Osama bin Laden did. His sympathies are Sunni. Hezbollah is Shia. Geez, Coulter, what a retard.
http://www.turkishdailynews.com.tr/article.php?enewsid=48282New: A Muslim jihad against Muslims
Sunday, July 9, 2006
Opinion by Barry RUBIN
In a shocking statement, the implications of which are enormous, Osama bin Ladin has called on Sunni Muslims to fight their Shia counterparts. This is only the latest in a trend toward rising conflict between the two groups that is already the central feature of the Iraq situation.
While bin Ladin is echoing ideas earlier expressed by his man in Iraq, the late al-Qaeda leader Abu Musab al-Zarqawi -- killed by U.S. forces in Iraq on June 7 -- last year bin Ladin criticized this approach. Now, however, he has made it his own strategy. Equally shocking, and revealing, is the lack of denunciation of this view in the majority Sunni Arab world, even though this would give regimes ample ammunition to use in discrediting bin Ladin, who is also their enemy.
Shia Muslims are the largest group in Iran, Iraq, Lebanon, Oman and Bahrain, while also comprising significant minorities in Pakistan, Afghanistan, Kuwait, Saudi Arabia and other countries. The Sunni and Shia sects split in the early years of Islam, with the Sunni generally becoming the rulers throughout the Arab world and elsewhere. Iran's 1979 revolution created a Shia Islamist state, where Sunni Muslims are often treated as second-class citizens in practice.

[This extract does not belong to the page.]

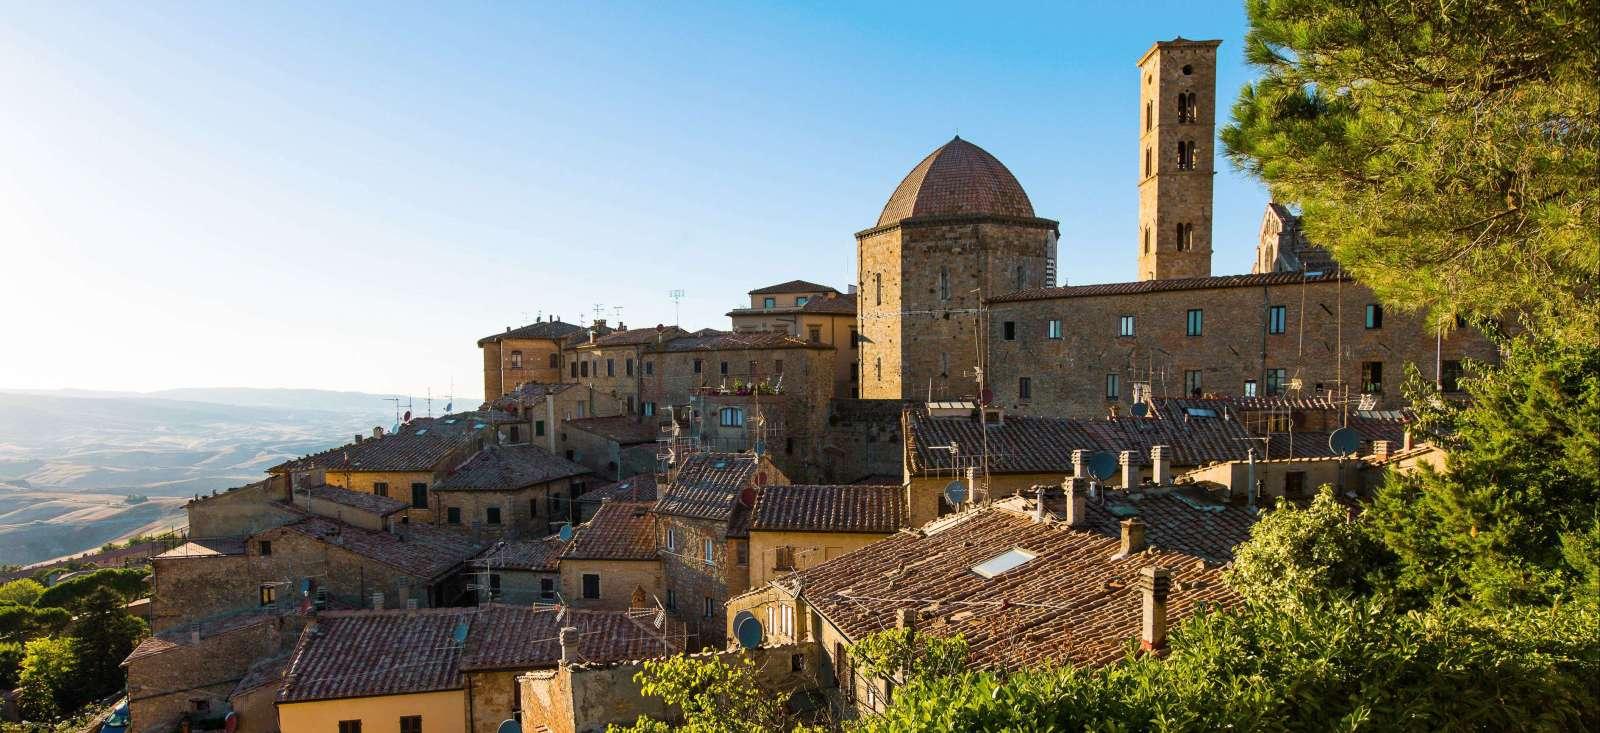 Voyage à pied Italie : Pleins feux sur l'incontournable Toscane

Yet generally, and certainly in the Arab world, any existing distinctions were formally papered over by the doctrine of Arab nationalism, which transcended issues of religion. Now that Arab nationalism is declining and Islamism is on the rise, theological questions are re-emerging in the political arena. While Sunni and Shia Islamists sometimes cooperate -- Iran is the patron of Hamas and Islamic Jihad, Sunni Islamist groups -- they are far more often in contention.